My husband is quite possibly a sex addict. Up until a year and a half ago, he would go to the bathroom with this ipad and masturbate to porn hub 3-4 times per week. I didn't know it at the time because he would wait until I was asleep. He said it was because I wouldn't have sex with him. He conveniently forgets I was sexually abused as a child. And I did in fact have sex with him. 

He has told a couple of the women he has masturbated to. Why would he do that????? It hurt my feelings. I know both of the women.

He also told me that he likes my cousin's wife. He likes her eyes and her hair. How does he think that makes me feel????

I'm feel like I'm unraveling. He gets mad when I try to set boundaries. He tells me I'm controlling. He tells me he has rights and wants more autonomy. 

I don't know what to.


----------



## FlaviusMaximus (Jan 10, 2012)

A couple of points…
There’s probably a lot of background missing from your story, but the obvious is your husband’s infidelity (telling other women you are masturbating while thinking about them is infidelity).

Frankly a husband shouldn’t need to have his wife set boundaries and setting boundaries that preclude other women is not controlling. It’s asinine to suggest such a thing. Why does he say he needs boundaries while calling you controlling if you set them? Why do you think setting boundaries will lead to divorce?

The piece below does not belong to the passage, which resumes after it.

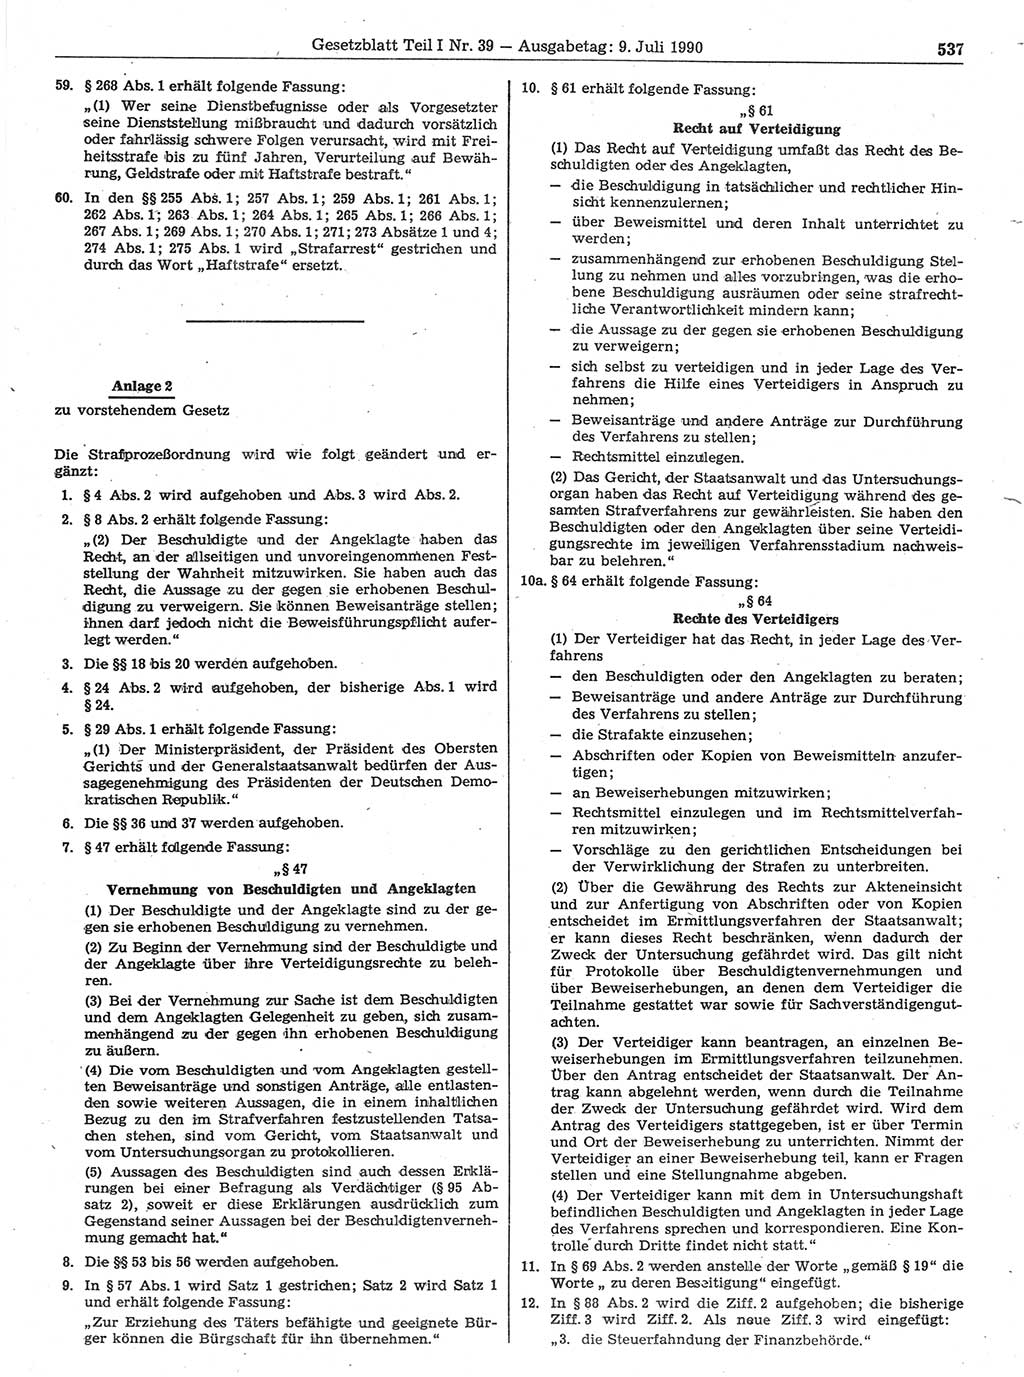 Gesetzblatt (GBl.) der Deutschen Demokratischen Republik (DDR) Teil Ⅰ 1990, Seite 537 (GBl. DDR Ⅰ 1990, S. 537)

At times, masturbation can be a healthy outlet but yes, when a spouse is doing it frequently to porn, it can short-circuit their healthy sexual expression. Additionally, telling your wife you have a sexual interest in a cousin’s wife is mean, degrading and designed to make you feel bad._ (why would a husband do that)_

One question I have is, does the fact that you were sexually abused as a child impact your sex life with your husband in terms of frequency or intimacy? You bring this up so it may be important, though certainly not an excuse for his behavior which to me seems appalling. I’d also ask, why do you love him?


----------



## Beach123 (Dec 6, 2017)

Quote

I'm feel like I'm unraveling. He gets mad when I try to set boundaries. He tells me I'm controlling. He tells me he has rights and wants more autonomy. 

I don't know what to. 

End quote 



He wants autonomy? Give it to him. Divorce him - he’s selfish and self centered. He’s embarrassing you on purpose! That’s despicible! 

You do know what to do! You shouldn’t have to BEG to be respected by someone who says they love you! He’s being a complete jerk!


----------



## Shutterbug2244 (Mar 18, 2021)

If he doesn’t want to hear you out and attempt to compromise your best to be with someone that loves you and respects you.


----------



## DudeInProgress (Jun 10, 2019)

Are you his wife or his mother? Your last couple sentences sound completely dysfunctional and pathological. And that’s directed to him as much or more than you. He is obviously a huge part of this unhealthy dynamic. But you can’t control him, you can only control you.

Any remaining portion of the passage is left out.